The discovery of the Philadelphia chromosome and the subsequent discovery of Bcr-abl triggered a cascade of events along a signaling pathway with the cell. In normal cells the two separate genes were carefully regulated, but when they were fused, the result was a highly overactive kinase that signaled cells to divide continually. Humans normally make about 500 different kinases which regulate a wide variety of cellular pathways. By tagging specific proteins with a phosphate, they basically switch a pathway on or off. Scientists at the Ciba-Geigy pharmaceutical company in Basel, Switzerland began trying to synthesize drugs that could inhibit these kinases by binding to the protein and blocking its kinase activity. By the early 1990s they had created dozens of them. These compounds were also found to have specificity, meaning that one drug might block the "abl" kinase but not block the "src" kinase. An oncologist at Dana-Farber Cancer Center was able to obtain CGP57148, a kinase blocker that was specific for Bcr-abl. When the drug was added to chronic myelogenous leukemia (CML) cells growing in the lab, the cells died overnight. And the drug (Gleevec) was given to mice that had tumors from implanted CML, the tumors regressed in days, but normal cells were undamaged.

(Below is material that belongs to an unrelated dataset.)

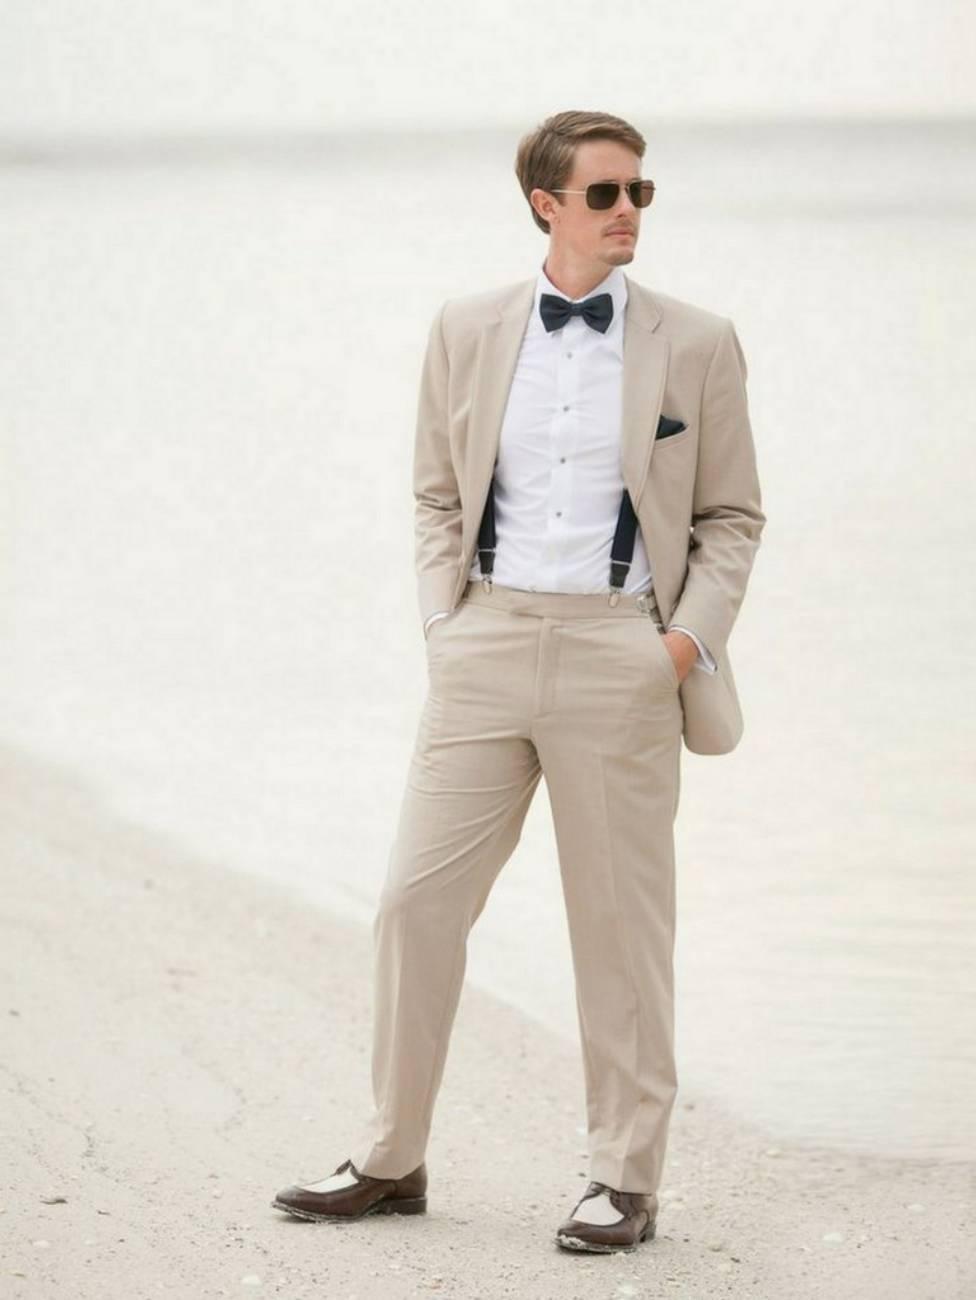 Latest Coat Pant Designs Beige Causal Wedding Suits For Man Custom Beach Slim Fit Bridegroom 2 Pieces Tuxedo Jacket+Pants 195

Licensing of Gleevec - Ciba-Geigy merged with Sandoz to form Novartis, but Novartis was reluctant to begin clinical trials for Gleevec, mainly out of concern that the cost of the trials would be prohibitive given the relatively small market for the drug. Eventually, they agreed to make a small amount of the drug and tested an initial group of 54 patients, 53 of whom responded with prompt remissions which were usually long lasting. The drug, now called Gleevec, has become the standard of care for patients with CML. It was licensed in 2001.

From The Emperor of All Maladies:


"Gleevec opened a new door for cancer therapeutics. The rational synthesis of a molecule to kill cancer cells - a drug designed to specifically inactivate an oncogene...."

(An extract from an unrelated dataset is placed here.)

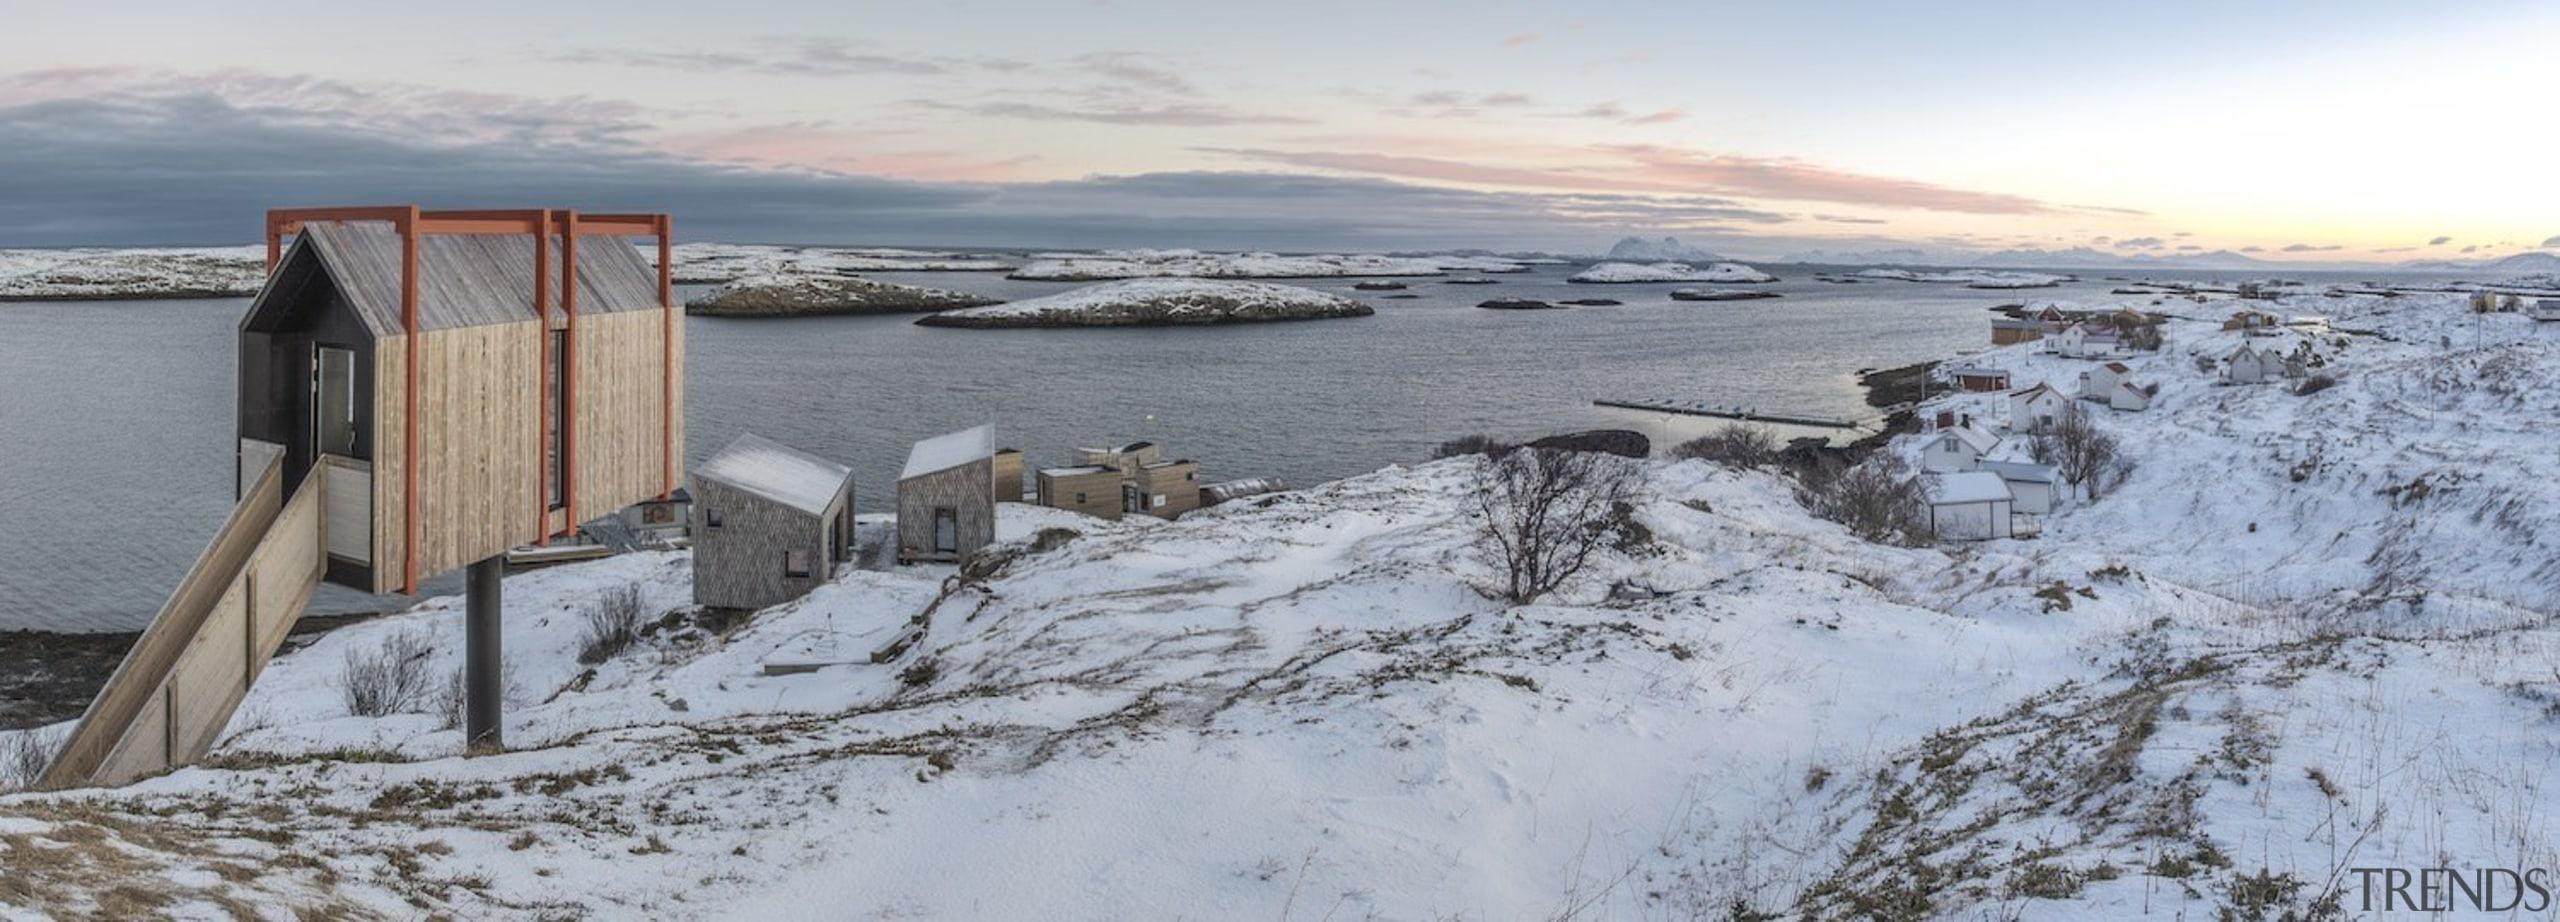 Architect: TYIN tegnestue ArchitectsPhotographer: Pasi Aalto / arctic, freezing, geological phenomenon, ice, sky, snow, winter, wood, gray

Unfortunately, some CML patients treated with Gleevec eventually developed cancer cells that were resistant to the drug. These cells had acquired a mutation that altered the structure of the Bcr-abl in such a way that Gleevec would no longer bind to it, although it was still able to switch on cell division. However, in 2005 a second drug was developed that was able to bind to Gleevec-resistant Bcr-abl. The new drug is called dasatinib, and it was able to induce remission in Gleevec-resistant cases. Since then, many more cancer-targeted drugs have been developed. These drugs differ from the original chemotherapeutic drugs in that the newer drugs target cancer cells in a highly specific way that is custom-designed to neutralize the defect in the cancer cells. This highly specific attack means that normal cells are unaffected, resulting in far fewer side effects.


Declining Mortality from Cancer

A number of authors recognized that the mortality rates for some of the major forms of lung cancer, including lung, breast, colon, and prostate, had been slowly, but steadily declining over the past 15 years. The reasons for the decline differed among the major cancer types.